The current bill is the proposed solution. It offers a once-only solution to the administrative error. It seeks to remove the requirement to wait before agreeing to FIT entitlements. The bill also makes the instruments granting a capacity release not subject to disallowance. This ensures that grants of FIT entitlements made under the act are not later made invalid.

This is not a solution arrived at easily. In normal circumstances I would seek an alternative, either through time or through a different parliamentary solution. Neither is available in our circumstances.

The bill makes it crystal clear that this is a special, one-off solution to a special, one-off situation.
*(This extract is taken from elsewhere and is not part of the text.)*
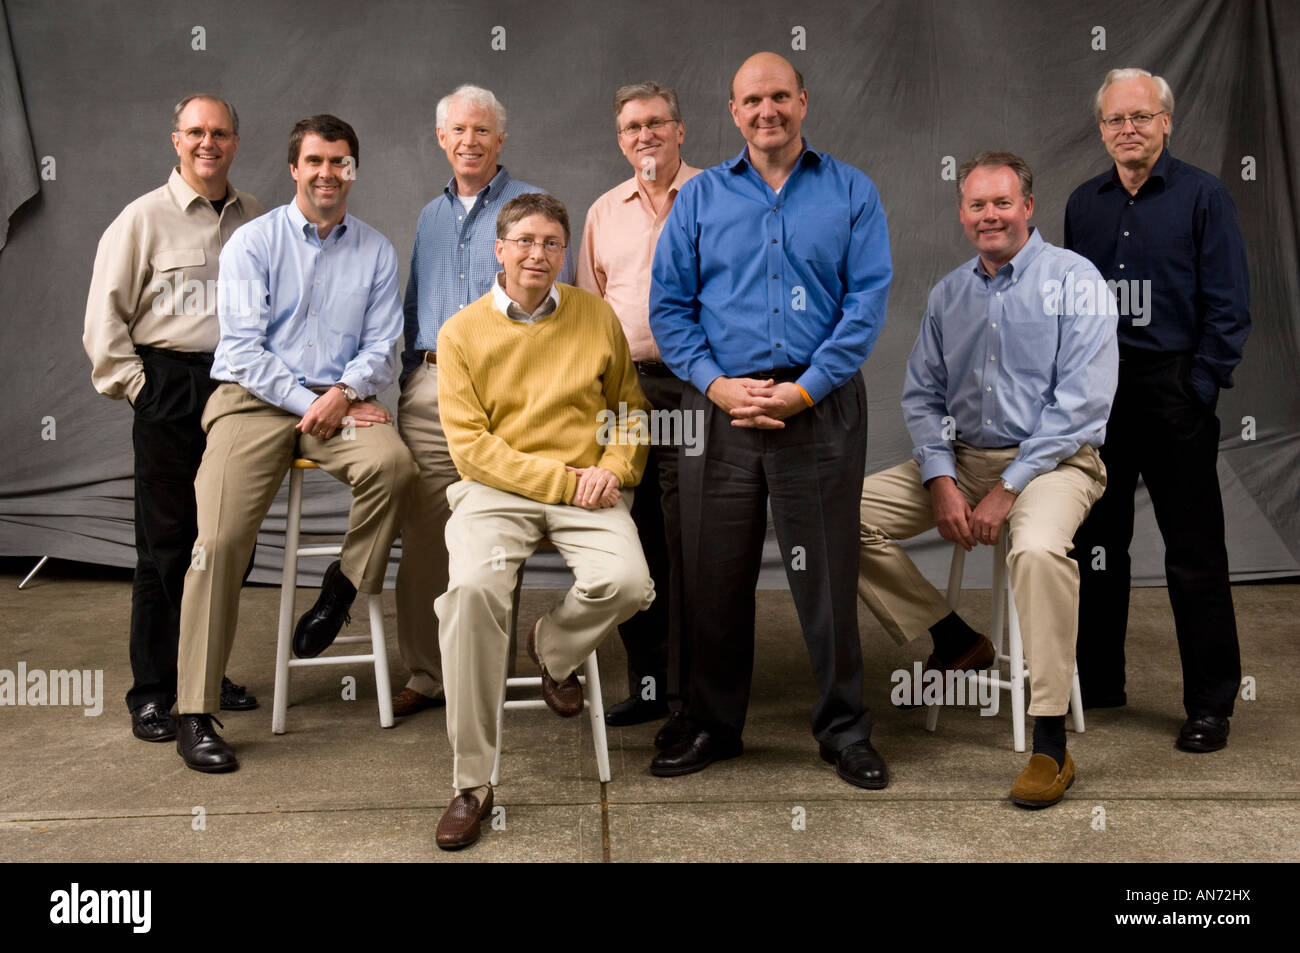 June 14 2006 Microsoft senior leadership team photographed at a corporate gathering at Ballmer's Hunts Point Washington home Stock Photo

It is due to the combination of an administrative error, election timing, our current health emergency, and the special circumstances of the legislation affected. I do not anticipate that we will ever see this combination of issues in future.

I remind all members that this is done to ensure the outcomes that we have all anticipated and that have been supported by this Assembly since at least last June. There is no change to the outcome we are seeking; this is just a change to the way that we will achieve it.

In the normal course of events, the Assembly would have seen the capacity release instrument much earlier. Members would have seen that it was the embodiment of decisions already made. There is no new direction in it. Indeed, the very public auction was the process to enact the directions this Assembly had clearly agreed to.

I believe that, through this process, the scrutiny of the Legislative Assembly is maintained. If anyone does not want the results of the auction to be realised, they can vote against this current bill. I do not think that that would be consistent with the previous decisions of the Assembly, but it would be an appropriate point of scrutiny by this chamber.